Raphael: The shame. The shame is coming from the inside not from the outside, But then I get a little angry. I think that you’re not really hearing me.

David: Understandable, but here’s a chance to go over it again. If you went into the situation where some teacher was saying to you, "You should know that, you are a rabbi!" And if, in that situation, you were to say, "Well, I am a rabbi, and I don’t know that, and I am here to learn — that’s where I’m actually at." Where would the shame be in that?

Raphael: If I could see it that clearly there would be no shaming in it.

David: That’s where we are headed — for you to see it that clearly. In fact we are already almost there. Notice that what I just said was simply describing the facts. You are a rabbi. And you don’t know as much Hebrew as you need. And you do want to learn. Those are simply facts. I am not saying anything other than facts.

And another fact is that you are there to get some help, hopefully. As opposed to have somebody telling you that you should be somewhere where you are not.

This is important because if you are actually going into a potential learning situation like that and you happen to be carrying around these kind of ideas and feelings where you could feel shamed by someone, then you are in a very helpless position. In a very real sense, you’re justified in being afraid of that situation because if those heavy-duty emotional reactions really could happen and you had no control over whether it does happen, and if it was that overwhelming for you, then who on earth would want to put themselves in that kind of situation?

Raphael: Yes!

David: The anxiety is quite literally justified… but only if the way you see it is the true and actual reality that was there.

Raphael: I think it is the reality that is there, and I think that what you are suggesting is that my individual response could ameliorate that reality.

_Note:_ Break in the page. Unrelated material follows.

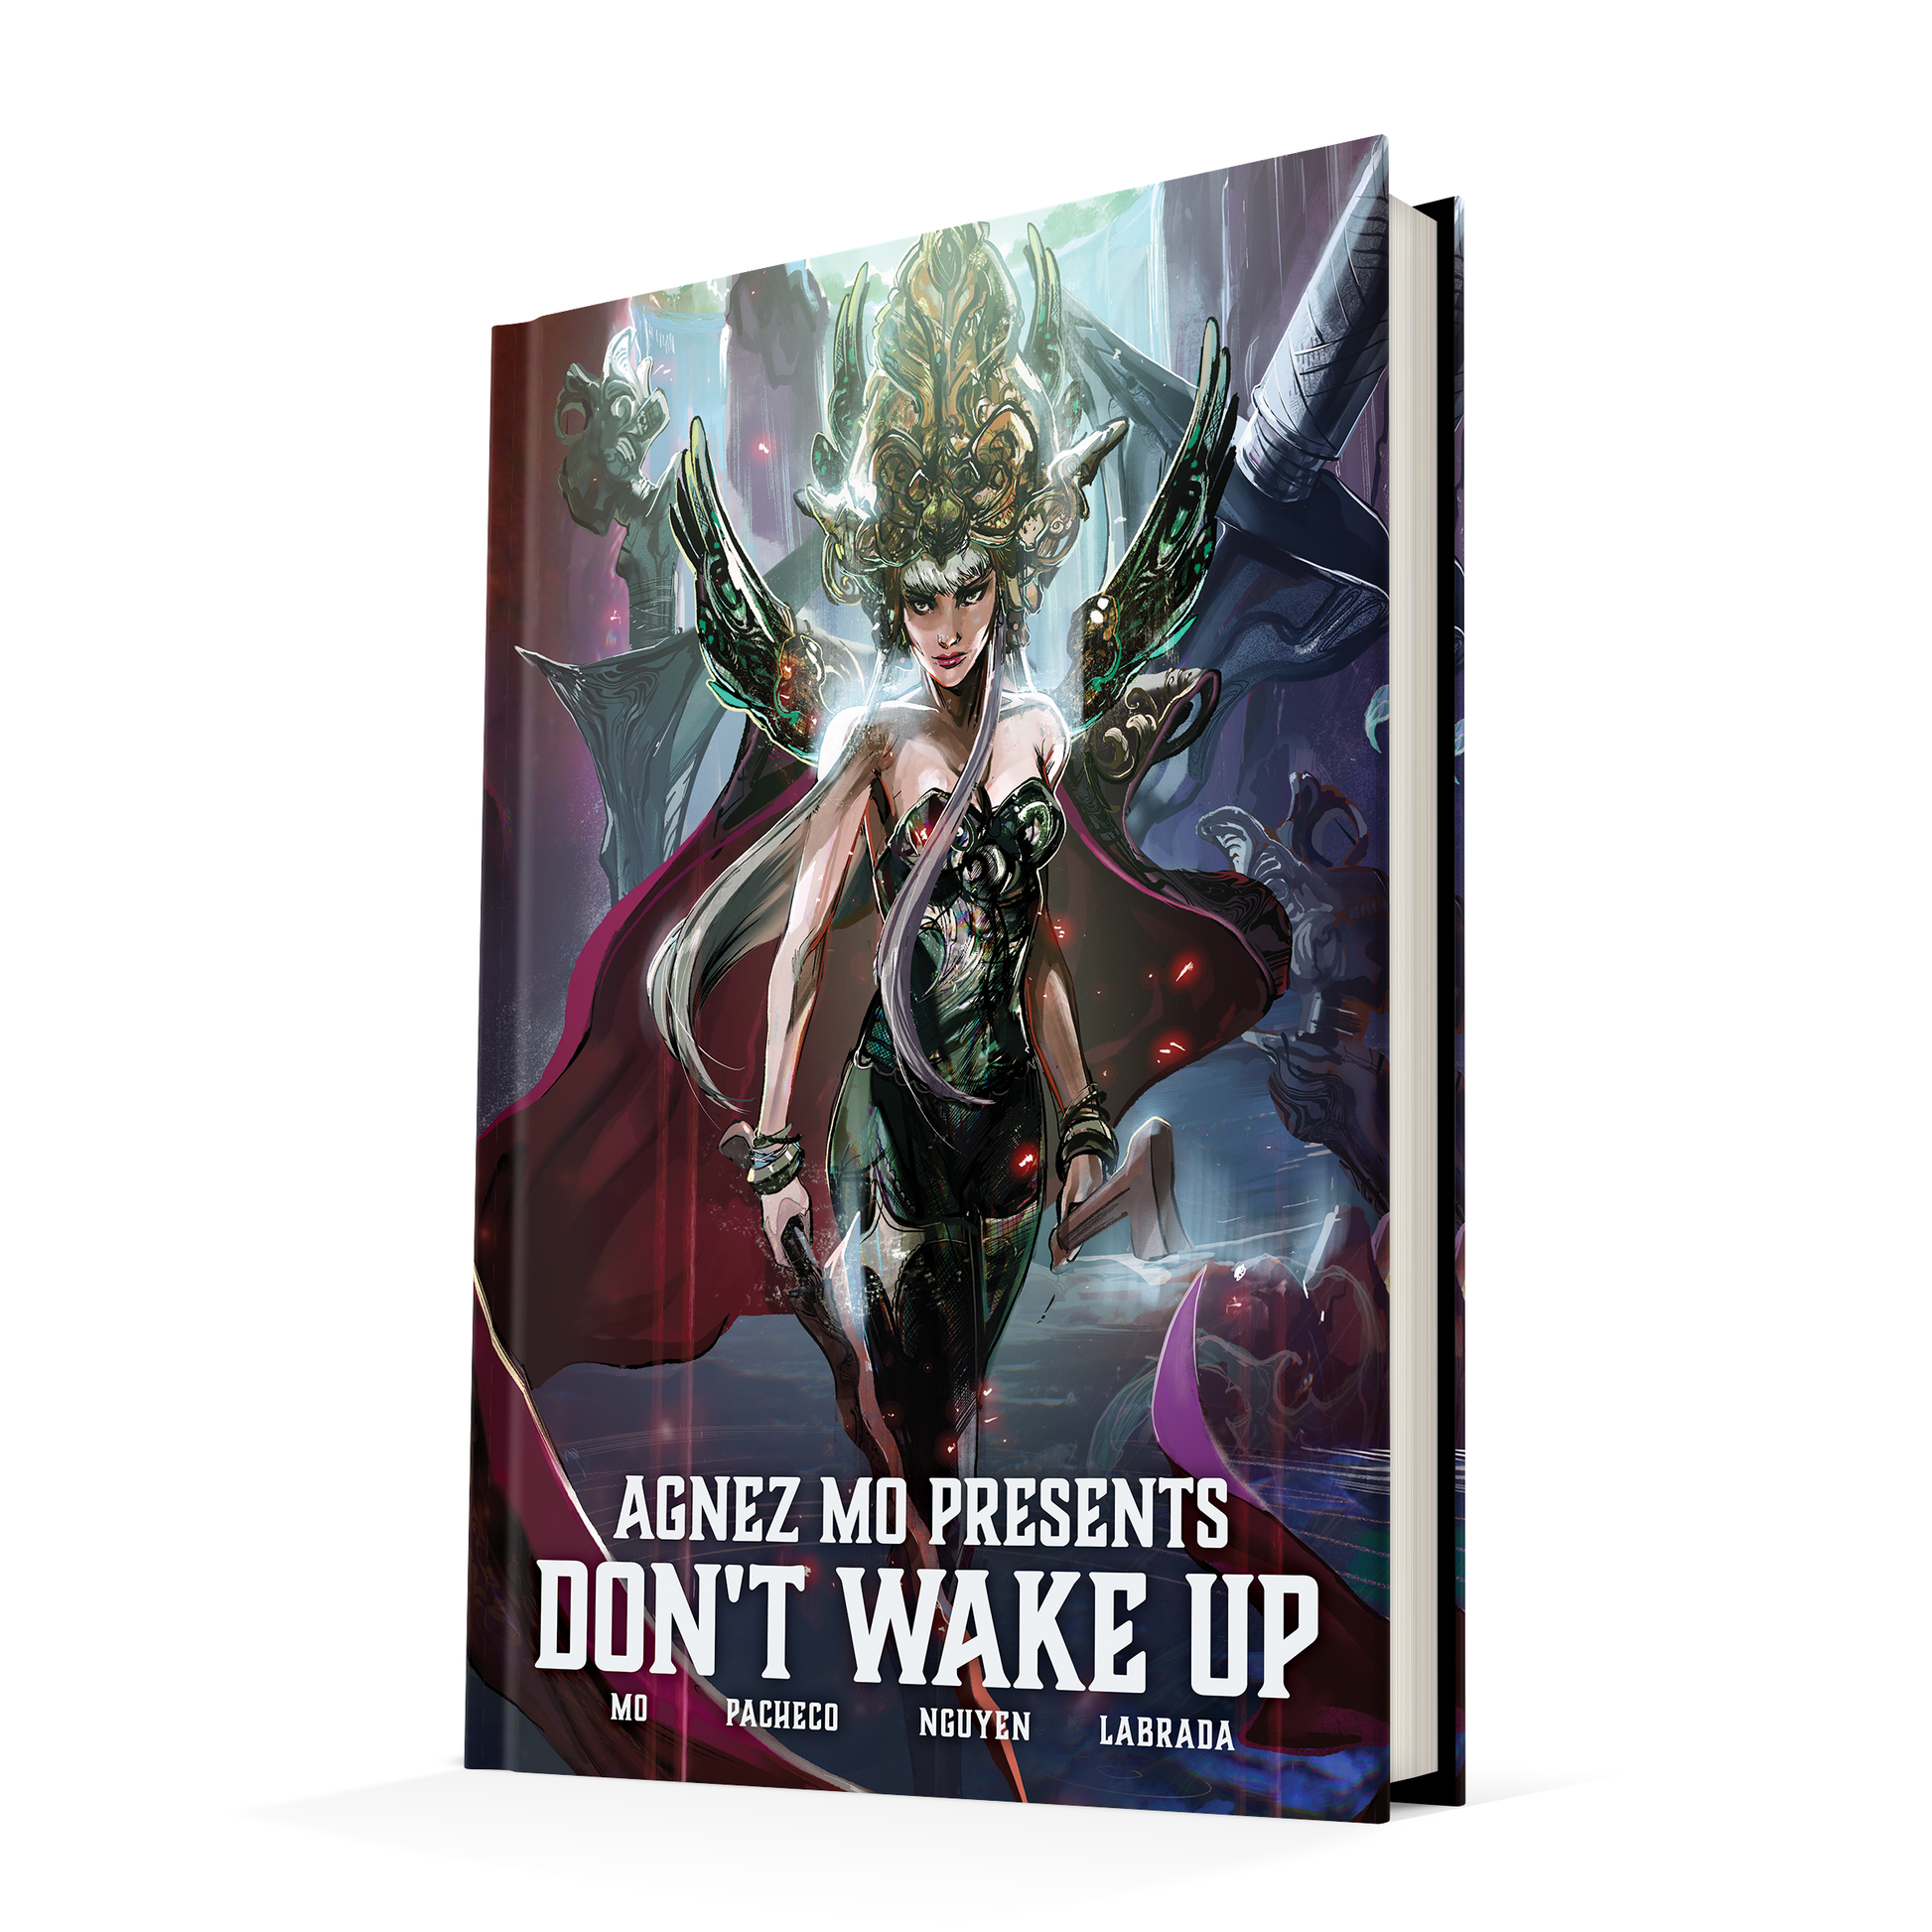 Agnez Mo Presents: Don't Wake Up (6571605360780)

David: No, not at all. What I mean is that if that really was a reality that some outside person could make you ashamed, you’d be justified in being anxious. And you do happen to think that this is the reality. But everything we are uncovering here shows that this is misconceived. It is not the reality. So, I’m not after you changing your response. I’m after you seeing clearly what is the reality. Then you won’t even have that response.

It is true that when a teacher has acted toward you that way, you have had a shamed feeling. It might well be true that those kinds of bullying teachers are quite common, but how does that force you to feel ashamed?

Like my example before, I can easily imagine another person with a very different attitude who could go into the same situation with a teacher like that and end up with a very different set of feelings — no shame at all. The same teacher ‘does’ the same thing to both of you, yet the two of you have different responses.

When this happens, how could it be the teacher who causes the shame? That is impossible. It can’t be. If the teacher caused the shame, then it would happen to everyone they act that way towards. But the feeling of shame doesn’t happen to this other person because he has a different point of view.

So it’s the point of view that causes the shame, not the teacher. I can’t see any way around that one, can you?

Raphael: No, well, I don’t know. I don’t know. I want to learn, teach me.

I’ve grappled with this one. Victor Frankel basically says similar things to this, that no one can take away your humanity from you unless you allow them to. He was responding to his experience in the camps in World War II. The Nazis could take away everything from him except his control over his response to the situation. I think that he is brilliant, and I think I would have crumbled long since. I think there are people in the world who rely on being able to create a certain reaction and I am hearing you say that the response of shame is my response and that I can unlearn that response to a given situation.

David: See, this is where you have it turned around for yourself. You believe it is a response to the situation, and as long as you do, you’ll have that response. They go together.

But what I’m showing you is that the shame is not a response to the situation. It is a reaction to the framework you have that you should be somewhere else in your knowledge than where you are. It is the inevitable feeling you will have if that is the framework you bring into those moments when the reality is that you don’t know the language but the idea is that you should. Anybody carrying that idea into that situation would have the same sort of reaction.

[To the group:] I am sure you can all relate to this sort of thing yourselves.

Lisa: It’s not like you’re trying to change the response in an indirect way. It’s understanding what it is a response of…?

David: Yes, yes. Showing you that with that framework of ‘I should…’, you will have that reaction every time and…

Raphael: Can you say that again? Anybody with the same framework… And the framework is: ‘I should…’?

David: Anybody hitting the situation where the reality is what it is and yet they think it should be something else — in this particular case where you don’t know something but you think you should — would have a similar reaction because of that ‘should’ framework.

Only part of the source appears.